EXERCISE DESCRIPTION:
When copying the data below, keep only the lines from the one with "State Reps. Cody" through the one with "Saturday morning to", word for word, and skip the pictures.

RECORD SET:
= = = = =

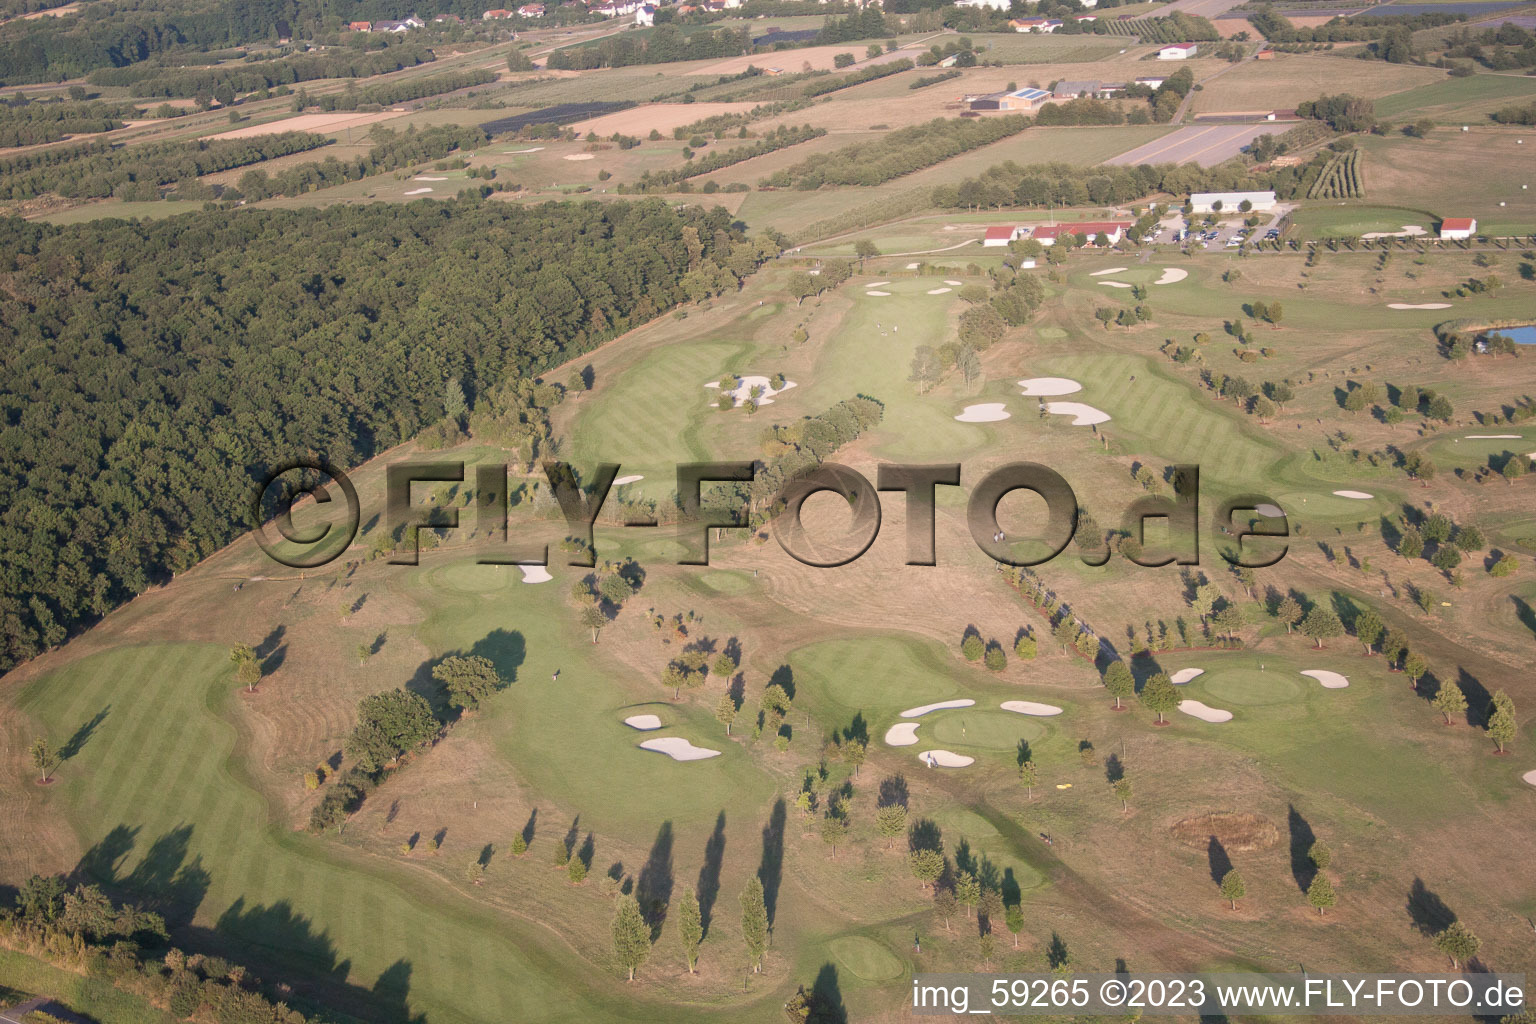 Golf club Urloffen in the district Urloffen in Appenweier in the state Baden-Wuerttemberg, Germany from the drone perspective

= = = = =

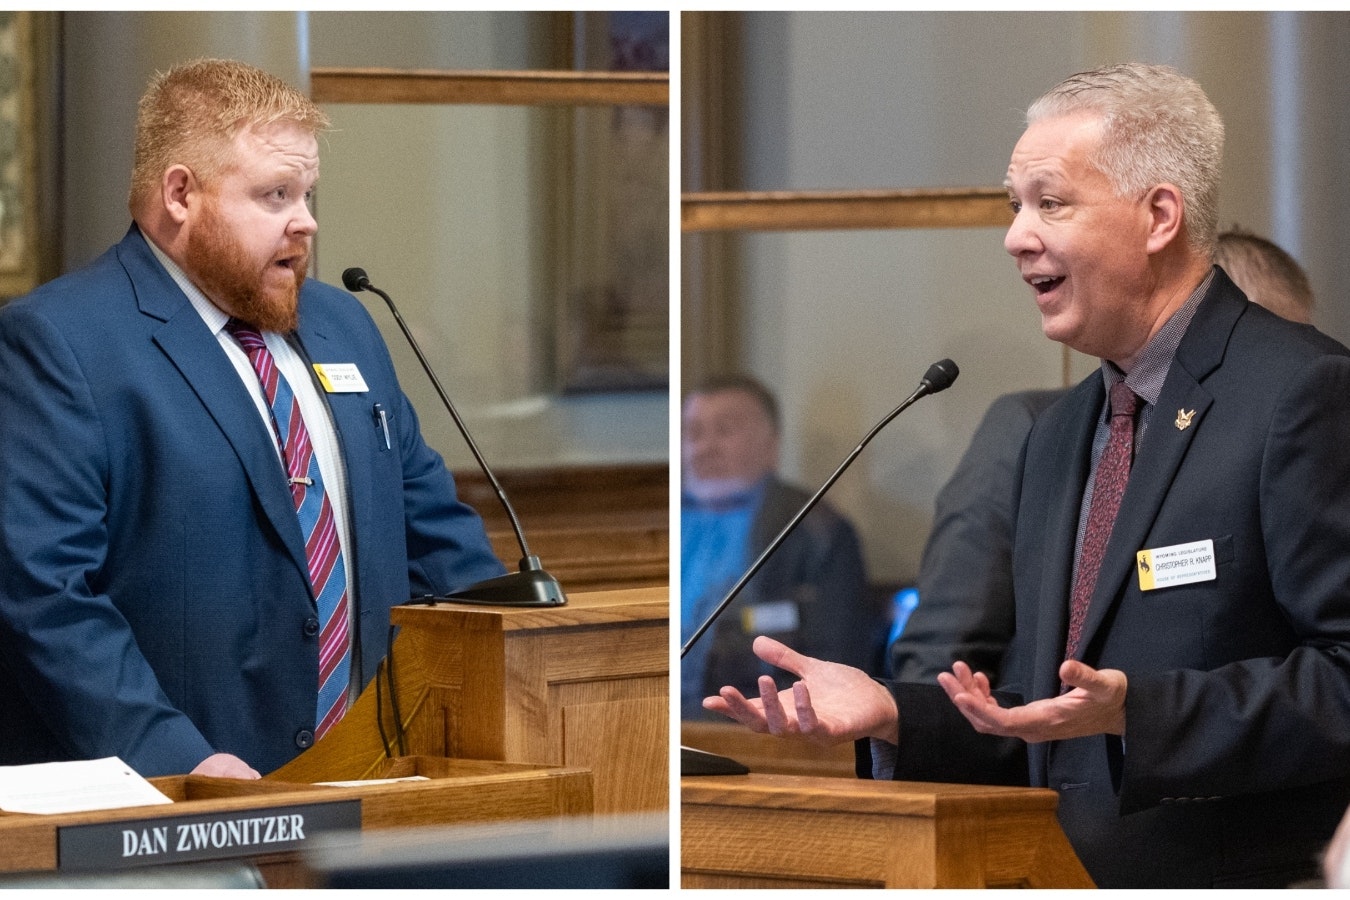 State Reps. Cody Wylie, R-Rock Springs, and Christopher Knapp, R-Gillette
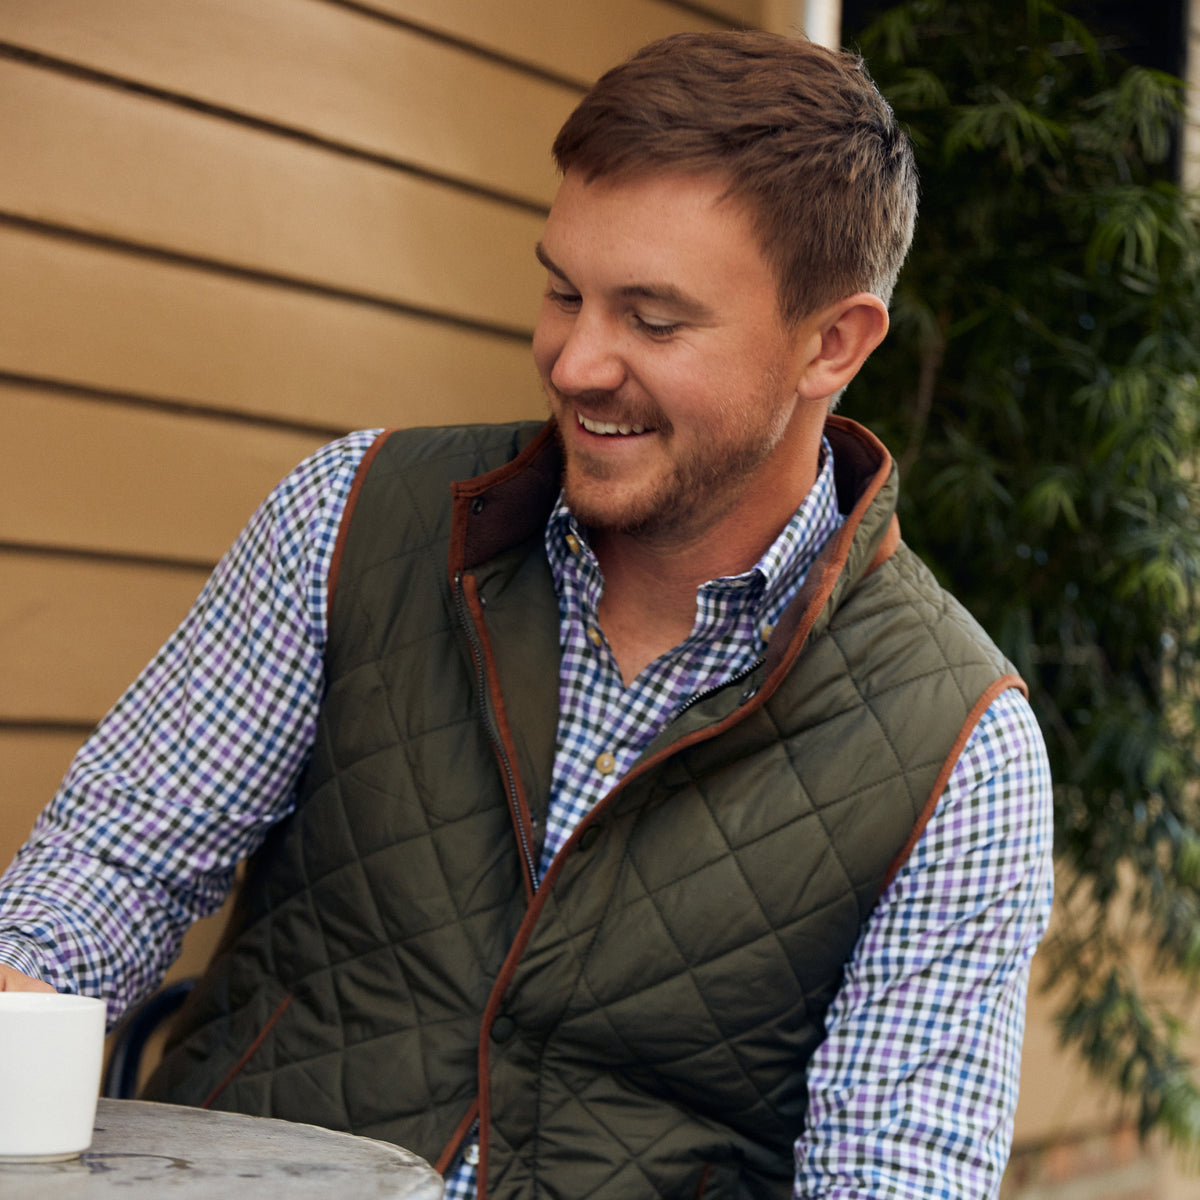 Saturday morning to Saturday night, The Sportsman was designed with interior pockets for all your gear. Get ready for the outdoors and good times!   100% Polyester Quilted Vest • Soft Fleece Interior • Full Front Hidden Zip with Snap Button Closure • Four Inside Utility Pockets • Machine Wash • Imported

= = = = =

PROBLEM SOLUTION:
 State Reps. Cody Wylie, R-Rock Springs, and Christopher Knapp, R-Gillette
 Saturday morning to Saturday night, The Sportsman was designed with interior pockets for all your gear. Get ready for the outdoors and good times!   100% Polyester Quilted Vest • Soft Fleece Interior • Full Front Hidden Zip with Snap Button Closure • Four Inside Utility Pockets • Machine Wash • Imported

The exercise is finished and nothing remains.